Would that the Chinese rich were addicted to designer drugs instead of ivory.

Elephants seem to be evolving smaller tusks.

Elephants seem to be evolving smaller tusks.

“Africa is in the midst of an epic elephant slaughter,” wrote Jeffrey Gettleman in the New York Times on September 3. Sounds like a headline from another era, doesn’t it? Sadly, it’s not. “Conservation groups say poachers are wiping out tens of thousands of elephants a year, more than at any time in the previous two decades.” Who exactly are the poachers? Gettleman explains.

Some of Africa’s most notorious armed groups, including the Lord’s Resistance Army, the Shabab and Darfur’s janjaweed, are hunting down elephants and using the tusks to buy weapons and sustain their mayhem. … But it is not just outlaws cashing in. Members of some of the African armies that the American government trains and supports with millions of taxpayer dollars — like the Ugandan military, the Congolese Army and newly independent South Sudan’s military — have been implicated in poaching elephants and dealing in ivory.

The principal market, as is widely known, is China, with its confluence of “old customs and traditions with new money.” Many Chinese, of course, including one of its more affluent, see the cruelty involved. Yahoo Sports reported in August:

Retired NBA star Yao Ming is using his international renown and domestic status as one of China’s most recognizable public figures to try to convince his fellow Chinese citizens to stop seeking products made from elephant ivory and rhino horn, hoping to curb the demand that fuels poaching in Africa and is helping bring Kenyan elephants and rhinos perilously close to extinction. [He] arrived in Kenya on Friday, Aug. 10, 2012 — his first-ever visit to the African nation — to meet with local scientists and conservationists, to begin filming and to see the animals first-hand.

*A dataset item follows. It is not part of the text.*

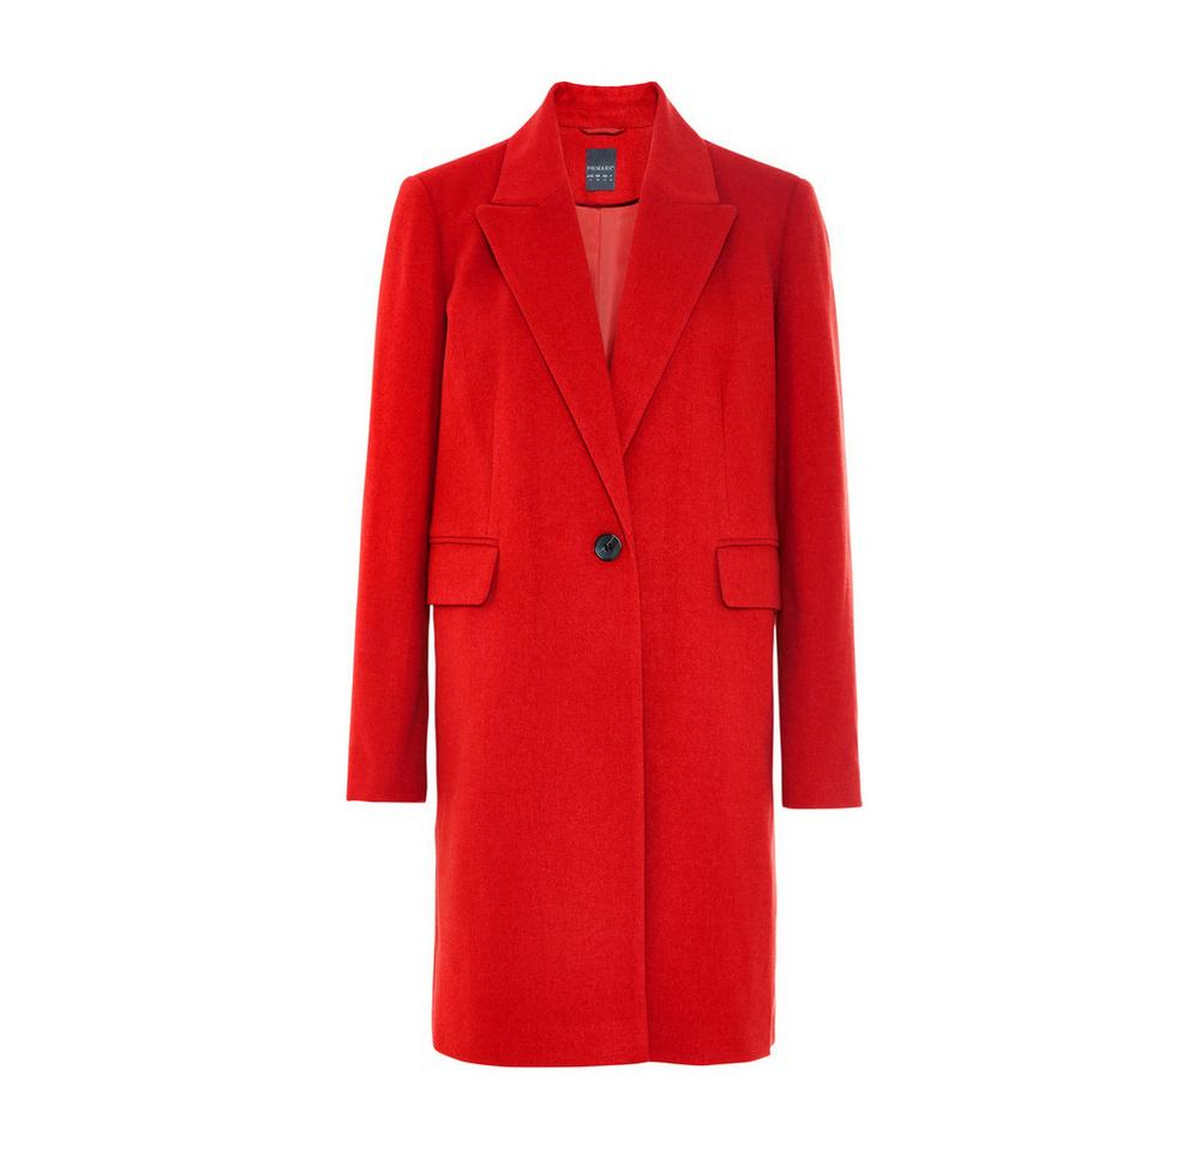 El abrigo rojo de Primark el favorito de mujeres mayores de 50 más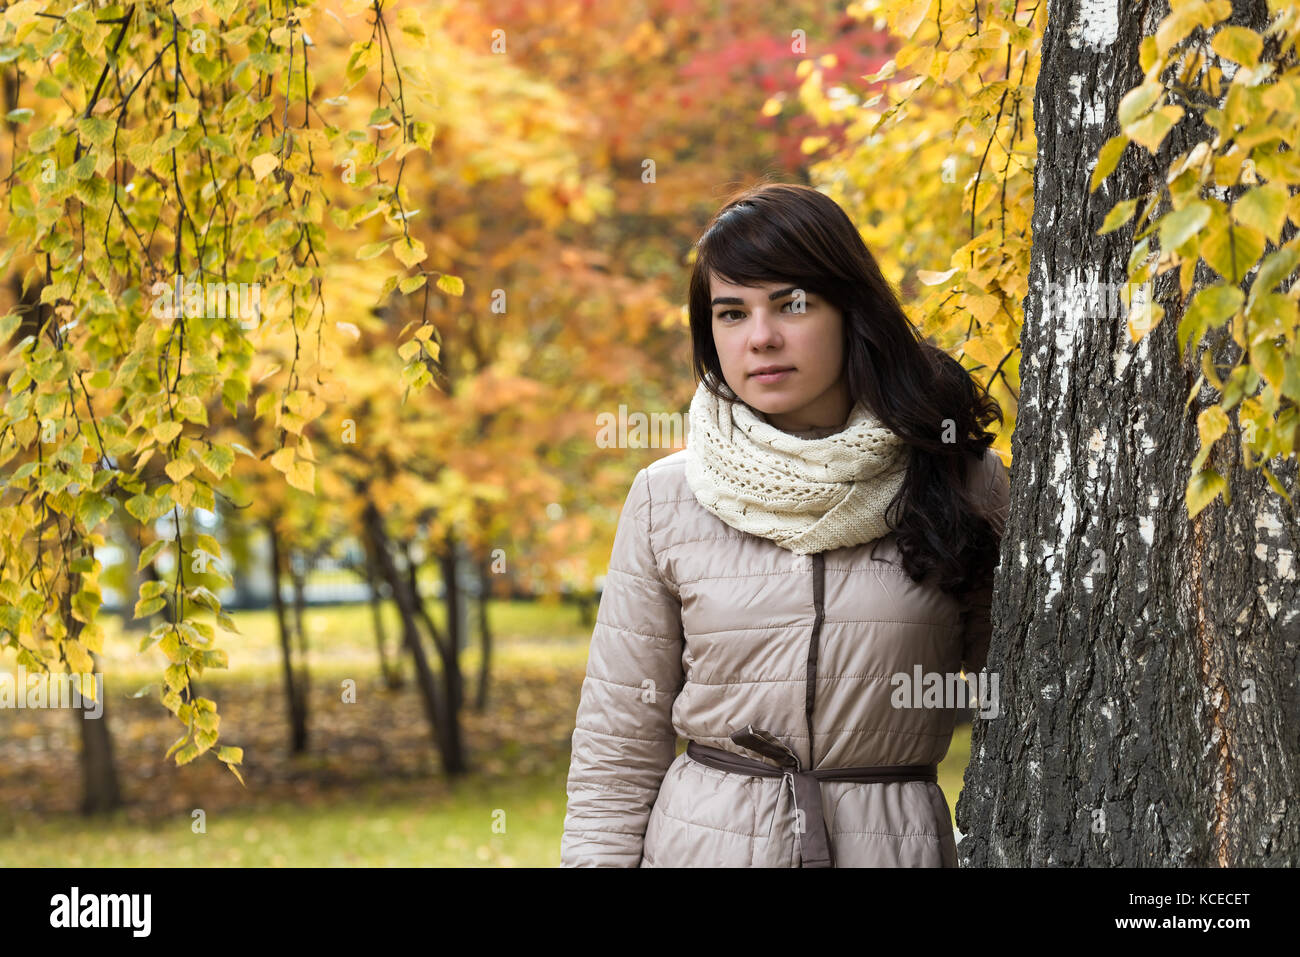 Mädchen mit dunklen lockigen Haar in der Nähe von einem Baum vor dem Hintergrund von Herbstlaub Stockfoto

In the interim wouldn’t common sense dictate that to ensure a continued supply of ivory, poachers, instead of killing elephants, tranquilize elephants and just trim the ivory, which would then grow back? But they probably just assume that some other poacher will just kill the elephants and extract the whole tusk, from which elephants, even if not killed by the poachers, can’t recover.

Meanwhile elephants seem like they may actually be evolving smaller tusks in the last 150 years presumably in response to poaching. They’re thus left at a disadvantage because fully-grown tusks are critical for digging and defense, not to mention establishing social dominance. But growing smaller tusk may be further counterproductive because, conceivably, it only incites poachers to fill their quota of ivory. In any event, evolution can’t outrace poachers.